First’s in Cricket

This is interesting. Thanks to cricinfo.

The first ten-wicket haul in a Test innings

Way back in 1896, George Lohmann bagged nine wickets in the first innings against South Africa. For more than half a century no one could match that performance, until Jim Laker on a dusty pitch at Old Trafford in 1956. He snared 9 for 37 to skittle Australia out for 84 in the first innings, before delivering the perfect 10 in the second innings: 51.2-23-53-10, ensuring the Ashes remained with England. His figures of 19 for 90 remain unsurpassed even in first-class cricket.

The first Test hat-trick

This was a feat achieved when Test cricket was in its infancy, less than two years after the first match now recognised as a Test. Australian fast bowler Frederick “The Demon” Spofforth, one of the greatest bowlers of the 19th century, capitalised on a first-day pitch affected by a spell of rain shortly after the toss to take three in three in the one-off Test at the Melbourne Cricket Ground in 1879. His burst reduced England to 26 for 7, leaving their captain, Lord Harris, to regret the decision to bat first.

First to hit six sixes in an over

The game’s most versatile cricketer and its greatest allrounder, Garry Sobers was the first to bludgeon 36 in an over, when captaining Nottinghamshire in a county game against Glamorgan during the 1968 season. The hapless bowler was Malcolm Nash, a seamer who was trying out left-arm spin.

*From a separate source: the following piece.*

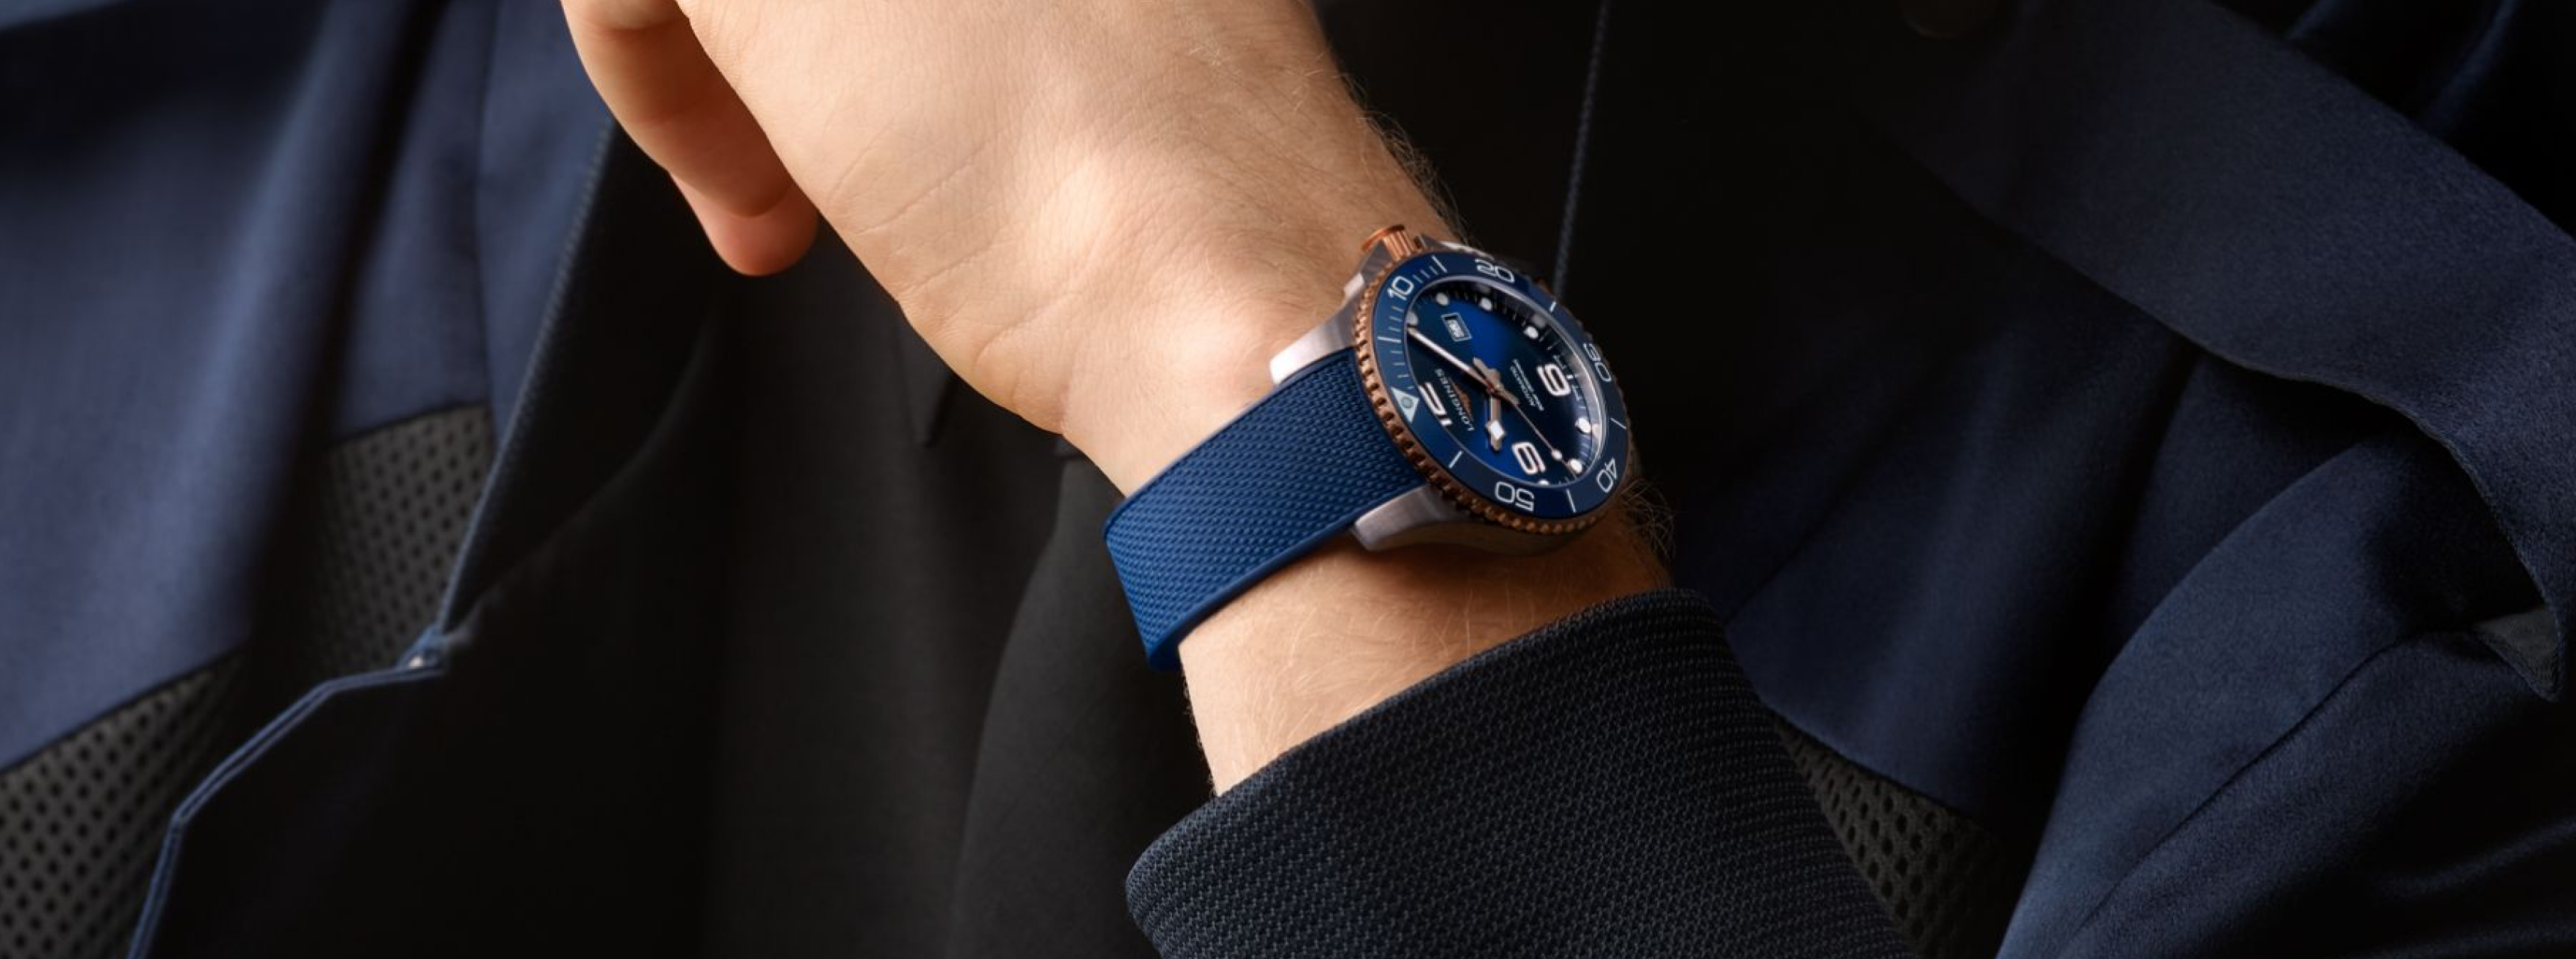 Синие часы на мужской руке, фотосессия для дизайна компании Watch approach

The first 100-mph delivery

The introduction of speed guns increased the obsession with discovering the world’s fastest bowler, and Shoaib Akhtar and Brett Lee kept the debate raging by passing the 150-kph mark with regularity. The winner was decided when Shoaib broke the 100-mph barrier, clocking 161 kmph (100.04 mph) in an ODI against New Zealand in Sharjah in 2002. Not without doubt, however. The speed gun used, a US-made “Stalker” radar gun, was one operated by a sponsor; the broadcaster’s own instrument for clocking speeds was out of order. Nevertheless, the fastest delivery on record till then, Jeff Thomson’s 99.8 mph steamer in 1975-76, had been trumped, much to Pakistan’s delight.